> YOUR INSTRUCTIONS
Using the records below, output the stretch that opens with the line containing "Kalita Coffee Mill" and closes with the line containing "Brazilian casa Dinossaur", exactly and including both lines, with nothing more.

> STORED DATA
————————

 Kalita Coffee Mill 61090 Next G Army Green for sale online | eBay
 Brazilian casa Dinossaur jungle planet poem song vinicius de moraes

————————

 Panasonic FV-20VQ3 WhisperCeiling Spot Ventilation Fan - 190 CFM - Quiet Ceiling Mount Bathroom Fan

————————

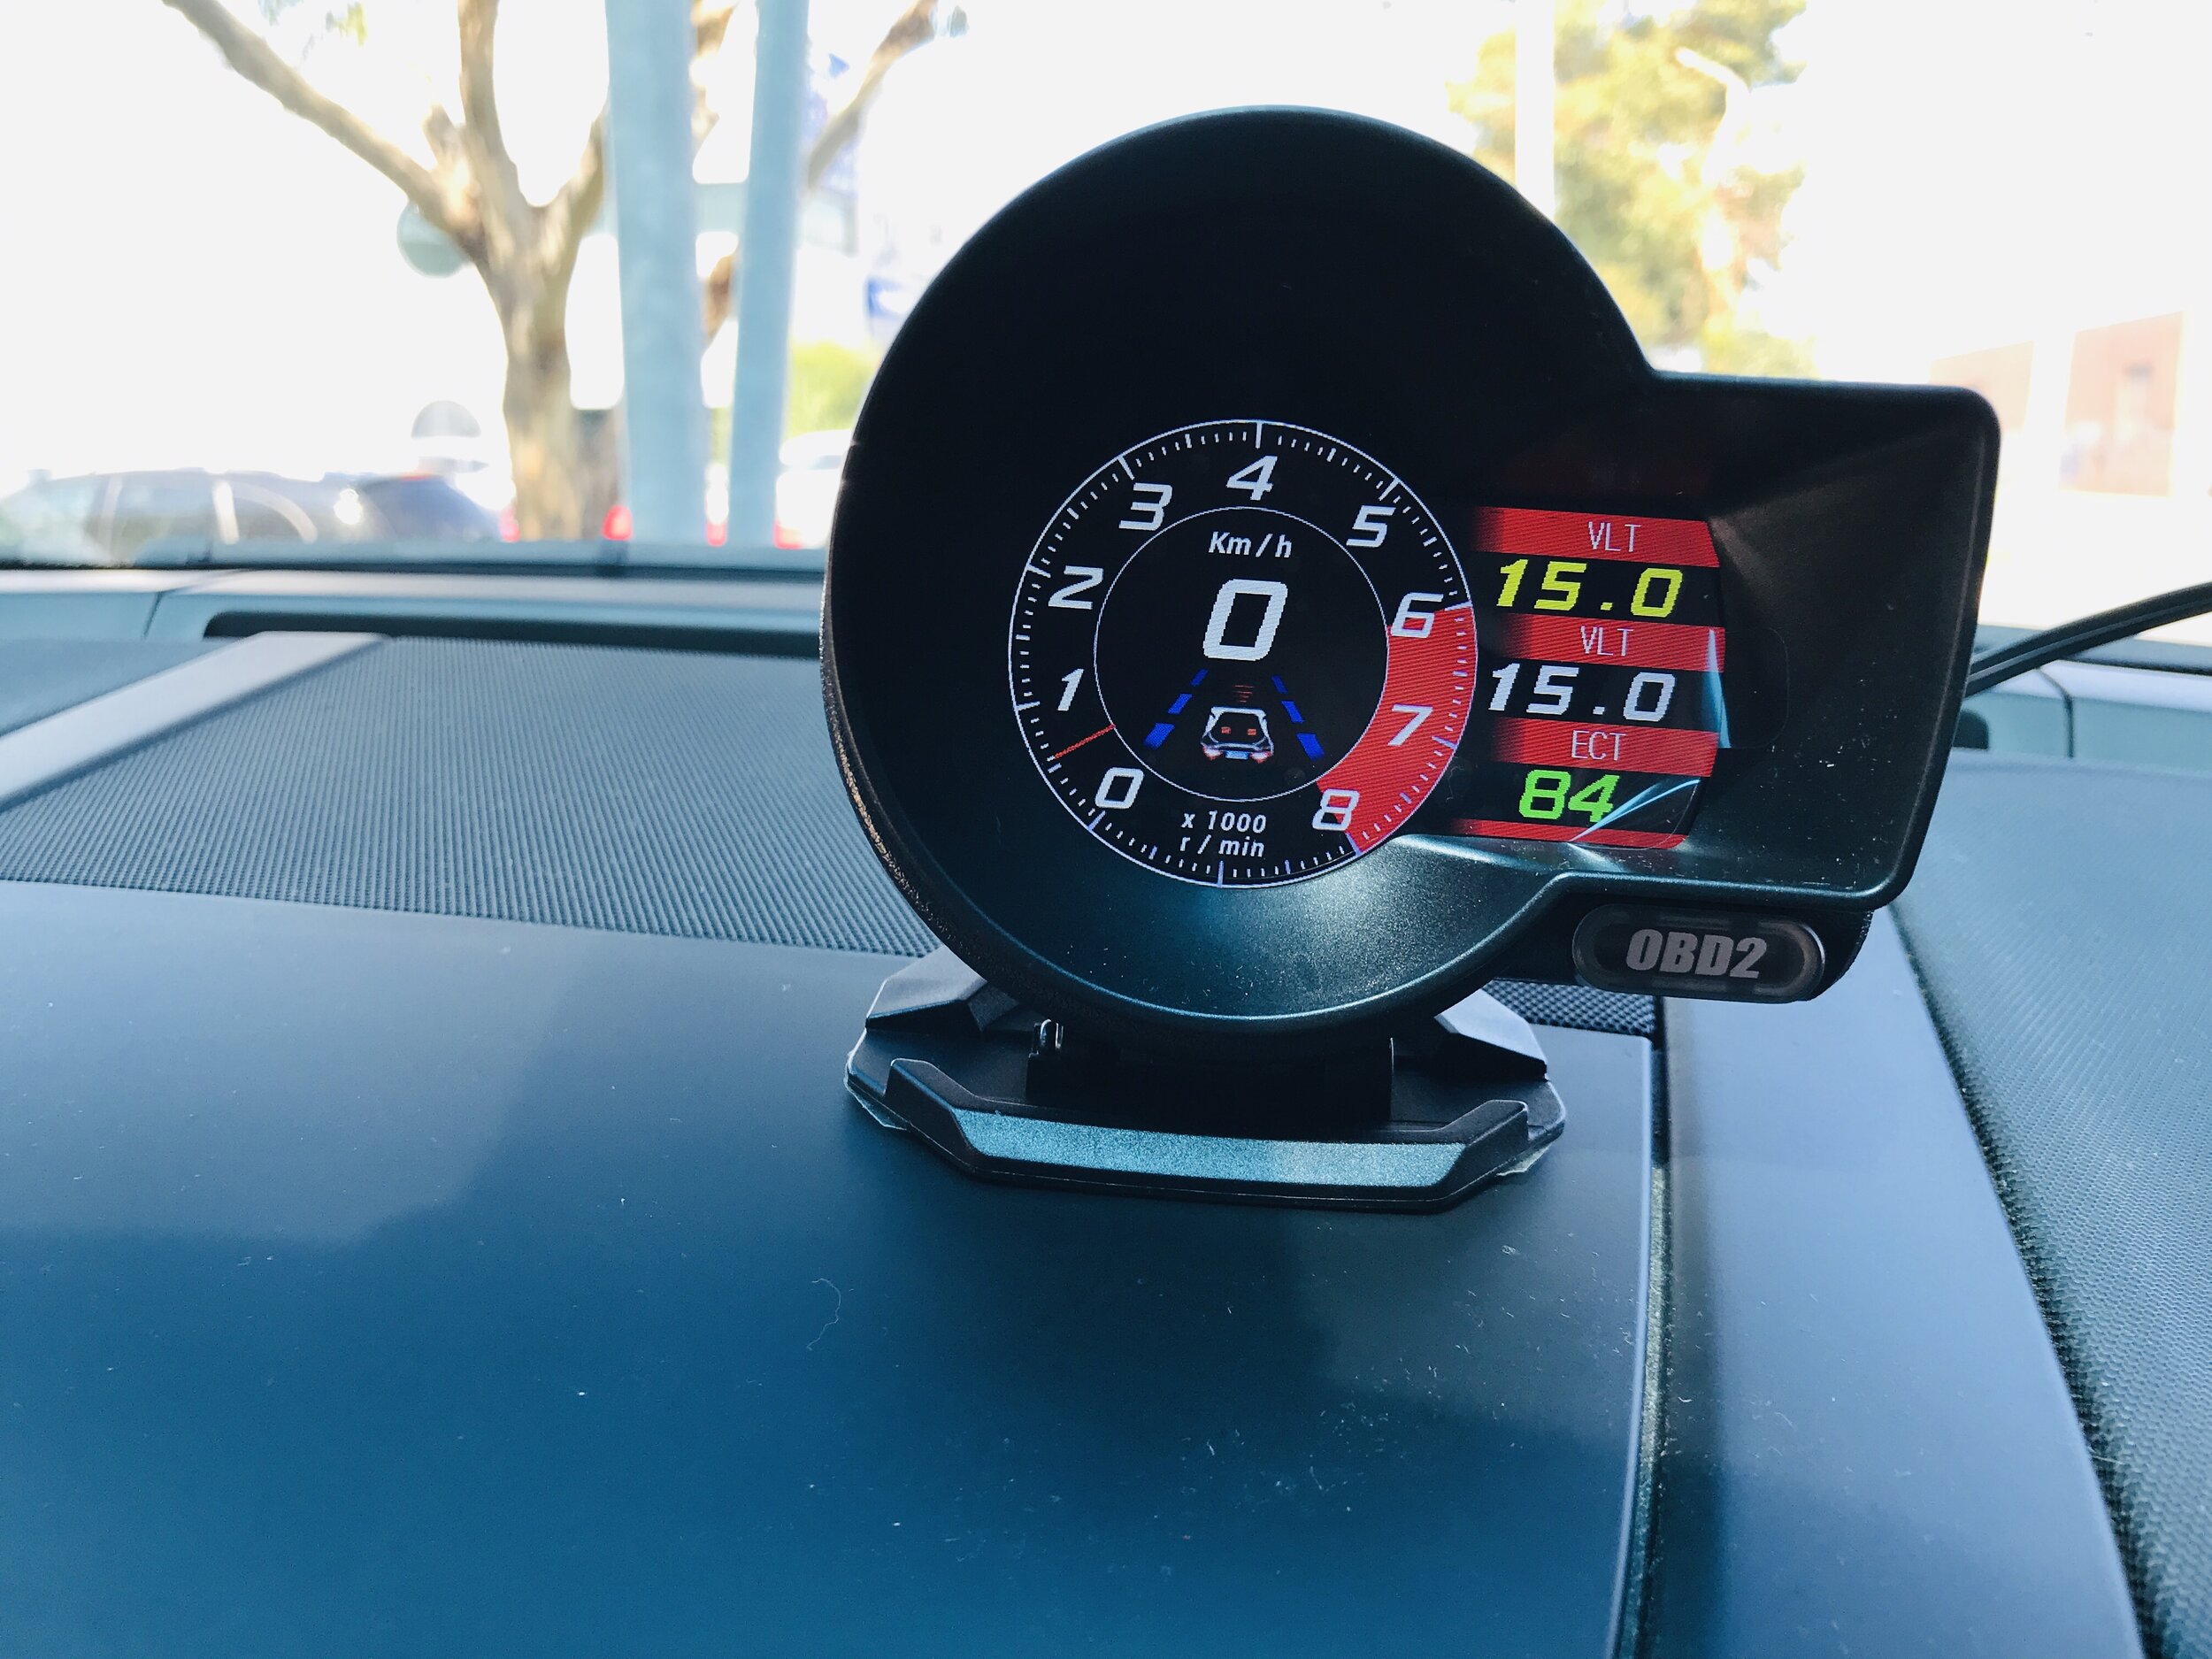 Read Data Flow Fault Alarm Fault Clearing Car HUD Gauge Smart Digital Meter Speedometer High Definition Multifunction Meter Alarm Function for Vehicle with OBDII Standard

————————

> RESULT OF THIS EXERCISE
 Kalita Coffee Mill 61090 Next G Army Green for sale online | eBay
 Brazilian casa Dinossaur jungle planet poem song vinicius de moraes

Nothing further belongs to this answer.